Archiv der Kategorie: So sei es

Wirklich? Ist es so? Ist es wirklich so? Es ist so! Eventuell..

Neues Stofftaschen-Motiv gefunden

Ich liebe Jutebeutel, Stoffsäcke oder Stofftaschen. Man kann Ungmengen an Zeug hinein stopfen und sie halten einiges aus. Wasserflaschen, Bücher, Schokolade und dergleichen. Sie verwaschen selten und tragen sich, im Gegensatz zu T-Shirts, die irgendwann unförmig werden, kaum aus. Wenn sie einreißen, dann näht man sie eben und wenn man etwas aufpasst, bekommt der Boden auch keine Löcher. Außer man schleift sie gar überall mit hin.. Das beste: Stoffbeutel sind Genderneutral. Jeder kann sie tragen! Besser noch, wenn sich darauf Popkulturelle Hinweise und Botschaften finden. Manche sind versteckter, manche direkter. Meist halte ich nach recht versteckten Botschaften Ausschau (Geheimclub!), aber manchmal spielt auch einfach nur die Tagesverfassung eine entscheidende Rolle: Keep Calm and …

Auswahl: „Zurück in die Zukunft“, „Doctor Who“, Zeitreisen und „Portal“.

Angesprochen wurde ich bisher nur zweimal auf die Aperture-Tasche, die von meinen dazu passenden Socken versteckt wird – ich fand kein geeigneteres Bild. Socken unterschiedlicher Farben sind übrigens nicht nur was für Kinder, oder mit Katzen- oder Eulen-Motiven, sondern auch für Erwachsene. Oder mit Comic-Schriftzügen. Oder Dinosaurier. Ja, ich besitze Dinosaurier Socken und bereue es immer noch, damals im Urlaub keine weiteres Paar mitgenommen zu haben. Ich sehe schon den nächsten Beitrag vor mir: „Dinosaurier, ganz gleich ob jung oder alt“ – oder so.

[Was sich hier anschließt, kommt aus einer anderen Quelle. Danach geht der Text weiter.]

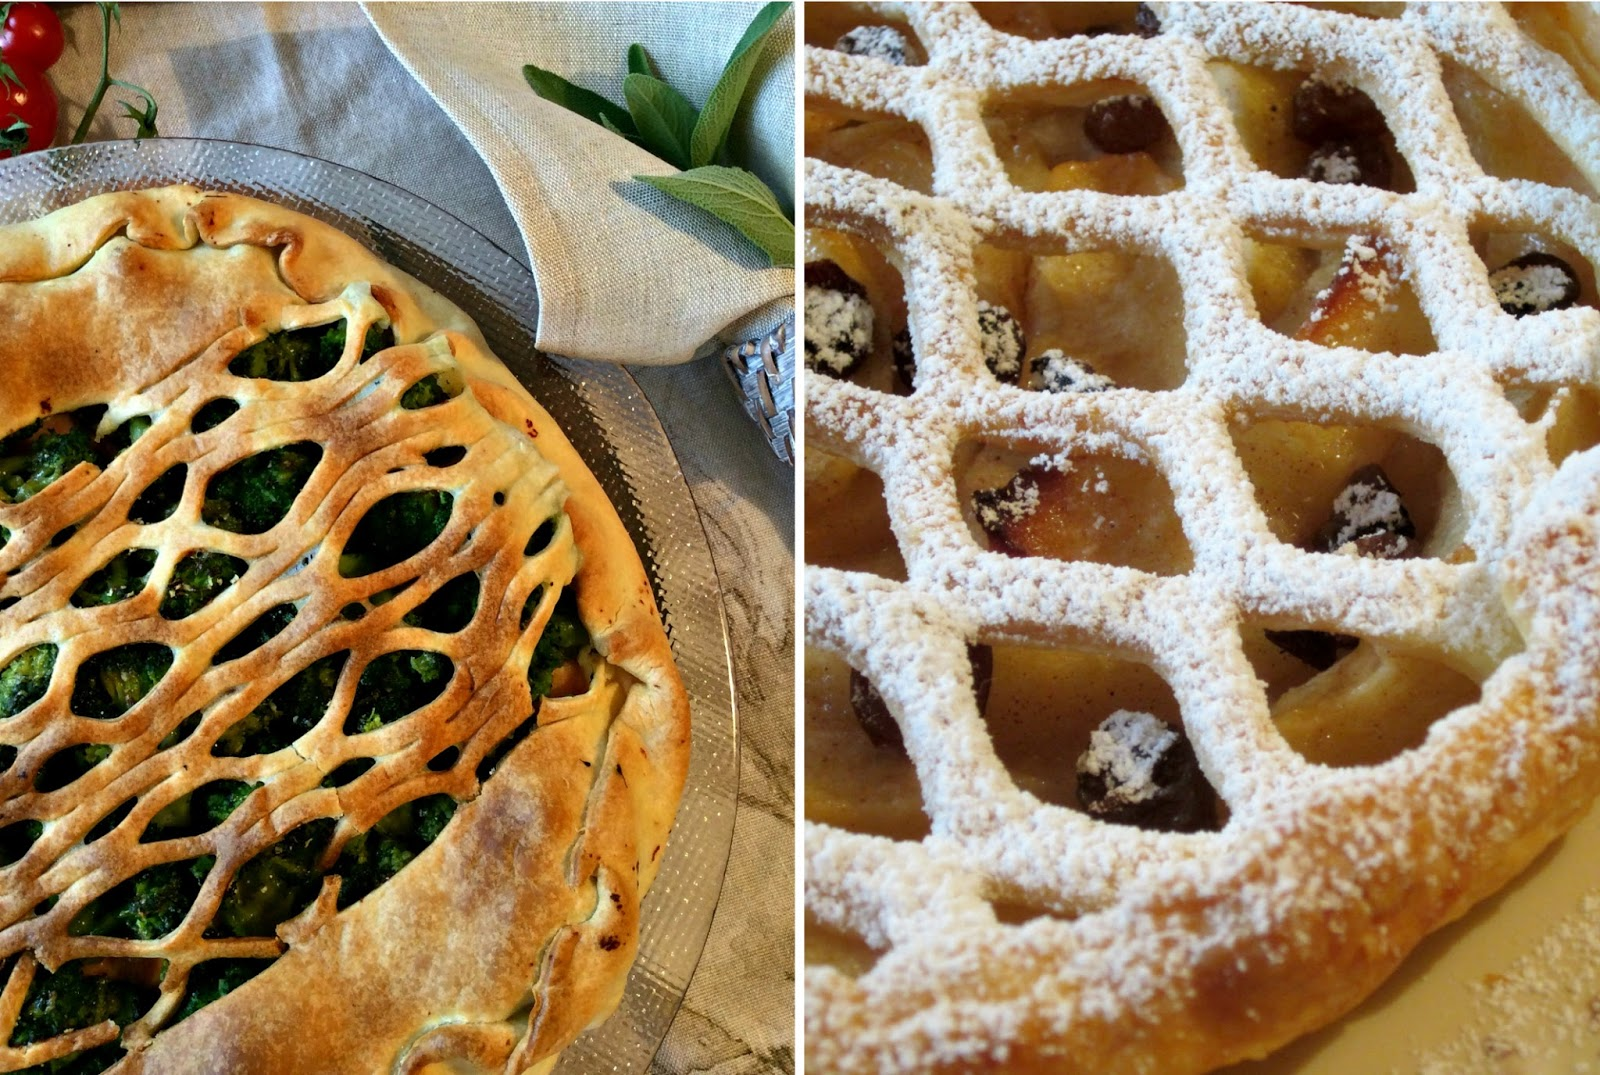 Decorazioni Torte Salate : Rullo per decorare a rete la pasta sfoglia per torte dolci e salate

Aktuell begleitet mich die Time-Travelers-Old-School Tasche. Darauf zu sehen sind die TARDIS, ein Filmmodell der Zeitmaschine von HG Wells aus „Die Zeitmaschine“ von 1895, ein DeLorean und Bulmas Kapsel aus Dragonball – hier leider nicht zu erkennen. „Gobbolino der Hexenkater“ (von Ursula M. Williams, 1942) ist eine meiner Lieblingsgeschichten aus der Kindheit: Ein kleiner Hexenkater, der verstoßen wird und nur eine Hauskatze sein mag. Ich kann das Buch jedem empfehlen.

Mein nächstes Motiv habe ich bereits gefunden. Jetzt brauche ich lediglich einen guten Taschen-Hersteller. Danke Google.

Advertisements

5 Kommentare

Eingeordnet unter Game of Thrones, Popkultur 'n Geek-ish, So sei es

Weltkatzentag!

Noch immer feiern wir heute den Weltkatzentag – leider hatte ich ihn komplett übersehen. Damit sei das Mindeste getan und den Katzen aller Welt mit diesem Beitrag gehuldigt.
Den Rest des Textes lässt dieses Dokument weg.